┌─ RAW DATA

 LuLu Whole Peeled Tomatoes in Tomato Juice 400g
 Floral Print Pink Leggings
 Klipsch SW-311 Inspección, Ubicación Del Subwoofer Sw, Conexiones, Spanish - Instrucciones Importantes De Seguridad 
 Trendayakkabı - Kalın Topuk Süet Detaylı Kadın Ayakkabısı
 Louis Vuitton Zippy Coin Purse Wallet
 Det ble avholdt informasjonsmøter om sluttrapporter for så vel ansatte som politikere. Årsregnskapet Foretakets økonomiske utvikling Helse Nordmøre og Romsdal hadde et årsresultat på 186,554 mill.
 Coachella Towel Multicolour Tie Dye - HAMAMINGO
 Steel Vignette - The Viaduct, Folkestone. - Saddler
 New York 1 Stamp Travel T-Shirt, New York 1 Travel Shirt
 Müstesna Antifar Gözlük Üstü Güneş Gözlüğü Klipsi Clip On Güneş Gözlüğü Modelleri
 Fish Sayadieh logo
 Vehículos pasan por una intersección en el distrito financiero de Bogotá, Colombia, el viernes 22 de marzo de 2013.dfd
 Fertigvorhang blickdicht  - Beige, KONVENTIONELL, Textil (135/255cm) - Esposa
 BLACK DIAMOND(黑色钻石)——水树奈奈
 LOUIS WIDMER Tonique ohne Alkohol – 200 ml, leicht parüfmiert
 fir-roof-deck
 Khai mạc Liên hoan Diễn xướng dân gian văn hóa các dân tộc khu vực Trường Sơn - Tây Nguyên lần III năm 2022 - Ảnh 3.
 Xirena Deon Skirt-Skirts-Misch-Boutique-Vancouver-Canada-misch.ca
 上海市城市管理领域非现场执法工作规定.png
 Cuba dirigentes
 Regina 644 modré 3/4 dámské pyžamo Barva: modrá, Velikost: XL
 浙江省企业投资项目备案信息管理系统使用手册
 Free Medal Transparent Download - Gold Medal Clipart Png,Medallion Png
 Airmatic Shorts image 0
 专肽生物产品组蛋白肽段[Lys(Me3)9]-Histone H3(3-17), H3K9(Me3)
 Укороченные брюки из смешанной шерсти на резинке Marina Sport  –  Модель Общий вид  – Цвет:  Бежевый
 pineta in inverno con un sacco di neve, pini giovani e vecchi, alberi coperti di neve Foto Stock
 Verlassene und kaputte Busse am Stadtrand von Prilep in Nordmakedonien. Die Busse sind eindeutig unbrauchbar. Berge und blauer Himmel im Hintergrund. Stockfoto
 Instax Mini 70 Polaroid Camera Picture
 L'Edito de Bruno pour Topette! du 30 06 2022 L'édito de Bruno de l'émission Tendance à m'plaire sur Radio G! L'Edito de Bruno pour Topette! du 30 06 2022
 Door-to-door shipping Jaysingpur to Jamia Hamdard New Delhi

└─

> _WHAT TO PRODUCE_
The full listing above needs to be retyped exactly.

> _EXPECTED ANSWER_
 LuLu Whole Peeled Tomatoes in Tomato Juice 400g
 Floral Print Pink Leggings
 Klipsch SW-311 Inspección, Ubicación Del Subwoofer Sw, Conexiones, Spanish - Instrucciones Importantes De Seguridad 
 Trendayakkabı - Kalın Topuk Süet Detaylı Kadın Ayakkabısı
 Louis Vuitton Zippy Coin Purse Wallet
 Det ble avholdt informasjonsmøter om sluttrapporter for så vel ansatte som politikere. Årsregnskapet Foretakets økonomiske utvikling Helse Nordmøre og Romsdal hadde et årsresultat på 186,554 mill.
 Coachella Towel Multicolour Tie Dye - HAMAMINGO
 Steel Vignette - The Viaduct, Folkestone. - Saddler
 New York 1 Stamp Travel T-Shirt, New York 1 Travel Shirt
 Müstesna Antifar Gözlük Üstü Güneş Gözlüğü Klipsi Clip On Güneş Gözlüğü Modelleri
 Fish Sayadieh logo
 Vehículos pasan por una intersección en el distrito financiero de Bogotá, Colombia, el viernes 22 de marzo de 2013.dfd
 Fertigvorhang blickdicht  - Beige, KONVENTIONELL, Textil (135/255cm) - Esposa
 BLACK DIAMOND(黑色钻石)——水树奈奈
 LOUIS WIDMER Tonique ohne Alkohol – 200 ml, leicht parüfmiert
 fir-roof-deck
 Khai mạc Liên hoan Diễn xướng dân gian văn hóa các dân tộc khu vực Trường Sơn - Tây Nguyên lần III năm 2022 - Ảnh 3.
 Xirena Deon Skirt-Skirts-Misch-Boutique-Vancouver-Canada-misch.ca
 上海市城市管理领域非现场执法工作规定.png
 Cuba dirigentes
 Regina 644 modré 3/4 dámské pyžamo Barva: modrá, Velikost: XL
 浙江省企业投资项目备案信息管理系统使用手册
 Free Medal Transparent Download - Gold Medal Clipart Png,Medallion Png
 Airmatic Shorts image 0
 专肽生物产品组蛋白肽段[Lys(Me3)9]-Histone H3(3-17), H3K9(Me3)
 Укороченные брюки из смешанной шерсти на резинке Marina Sport  –  Модель Общий вид  – Цвет:  Бежевый
 pineta in inverno con un sacco di neve, pini giovani e vecchi, alberi coperti di neve Foto Stock
 Verlassene und kaputte Busse am Stadtrand von Prilep in Nordmakedonien. Die Busse sind eindeutig unbrauchbar. Berge und blauer Himmel im Hintergrund. Stockfoto
 Instax Mini 70 Polaroid Camera Picture
 L'Edito de Bruno pour Topette! du 30 06 2022 L'édito de Bruno de l'émission Tendance à m'plaire sur Radio G! L'Edito de Bruno pour Topette! du 30 06 2022
 Door-to-door shipping Jaysingpur to Jamia Hamdard New Delhi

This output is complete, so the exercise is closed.